L'urbanisation affecte la croissance du moineau domestique

Pour les organismes vivants, l’urbanisation est synonyme de multiples contraintes par rapport au milieu rural. La conséquence est une biodiversité urbaine appauvrie, même si un petit nombre d'espèces s'est adapté. Chez les oiseaux, certaines espèces inféodées au milieu urbain semblent pourtant en déclin. C’est notamment le cas du moineau domestique (Passer domesticus), dont les populations ont chuté de 64 % en Europe depuis les années 1980. Les causes restant mystérieuses, une équipe de chercheurs du CNRS, du Centre d’études biologiques de Chizé et au Muséum national d’Histoire naturelle a mené une étude pour évaluer dans quelle mesure la « qualité » des individus varie entre moineaux ruraux et urbains, en se basant sur des données concernant leurs plumes et leur morphologie.
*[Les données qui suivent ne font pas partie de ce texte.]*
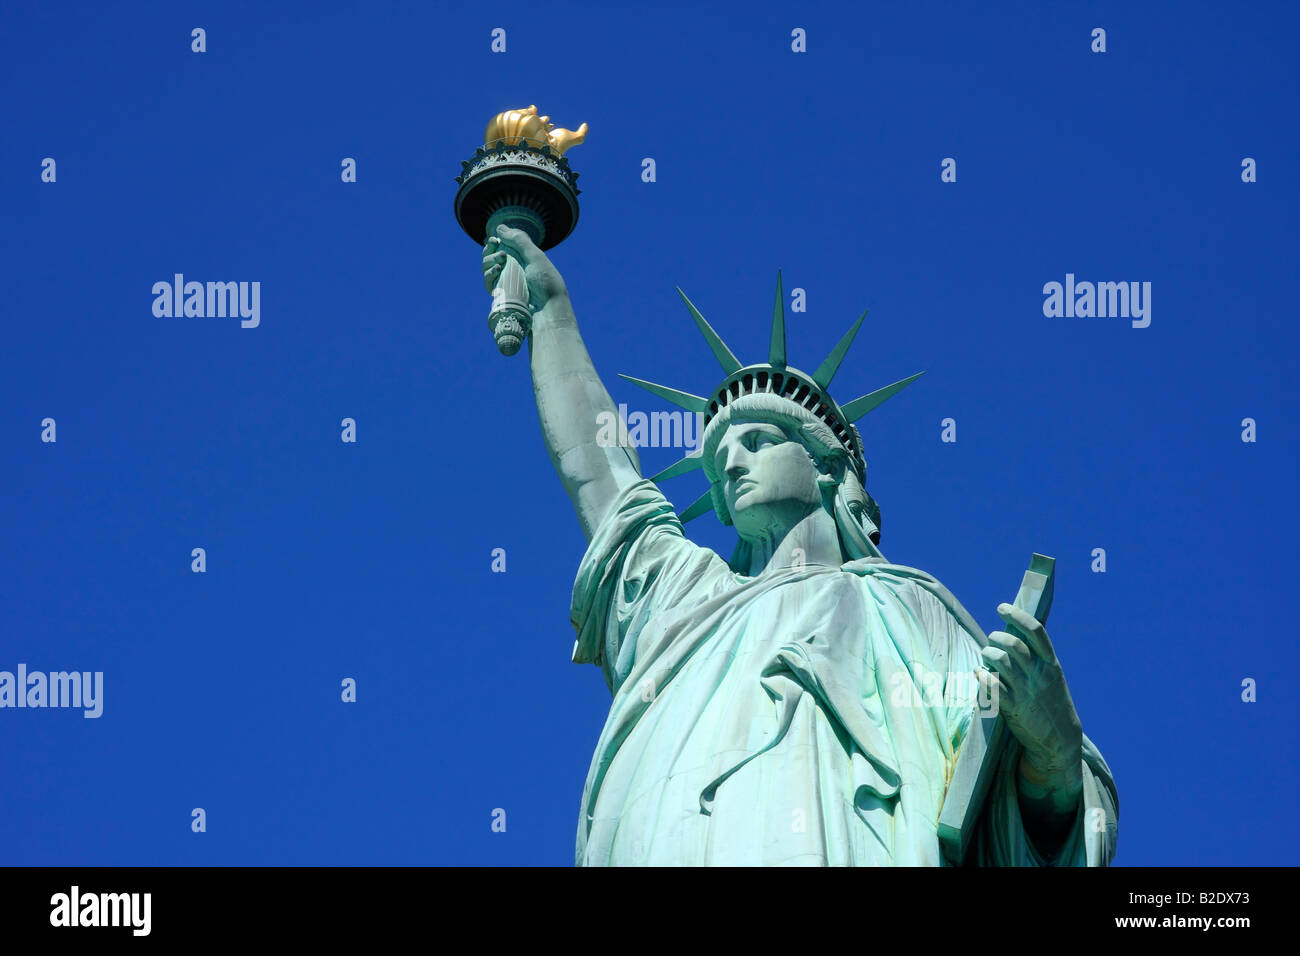 Close up view on the Statue of Liberty - New York City, USA Stock Photo
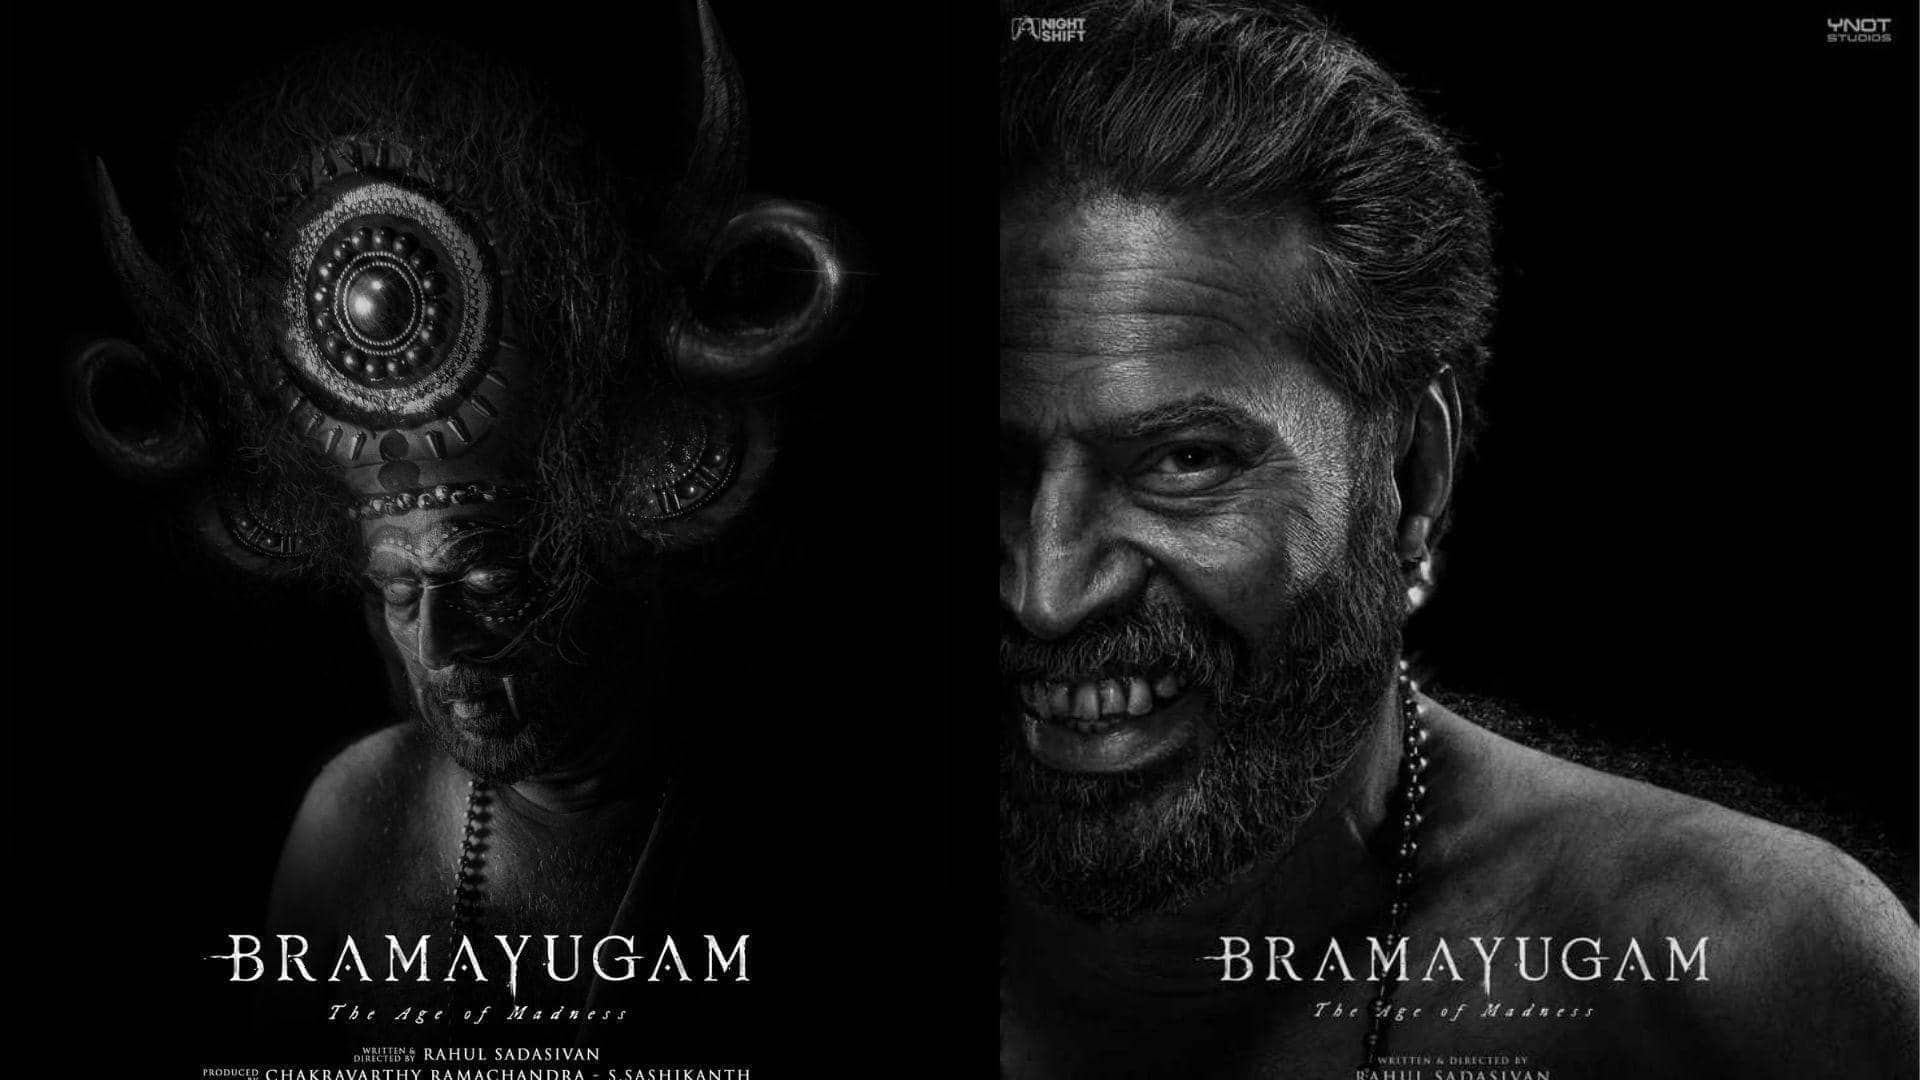 Box office: Mammootty's horror flick 'Bramayugam' recovers on day 9

Ces données, collectées sur 30 sites de France métropolitaine par les bagueurs bénévoles du Centre de recherches sur la biologie des populations d’oiseaux, font de ce programme un bel exemple de sciences participatives. Les résultats, publiés dans la revue Landscape and Urban Planning, démontrent que les moineaux domestiques sont d’autant plus petits qu’ils vivent dans un milieu fortement urbanisé, et que la qualité du plumage des juvéniles est fortement altérée en milieu urbain.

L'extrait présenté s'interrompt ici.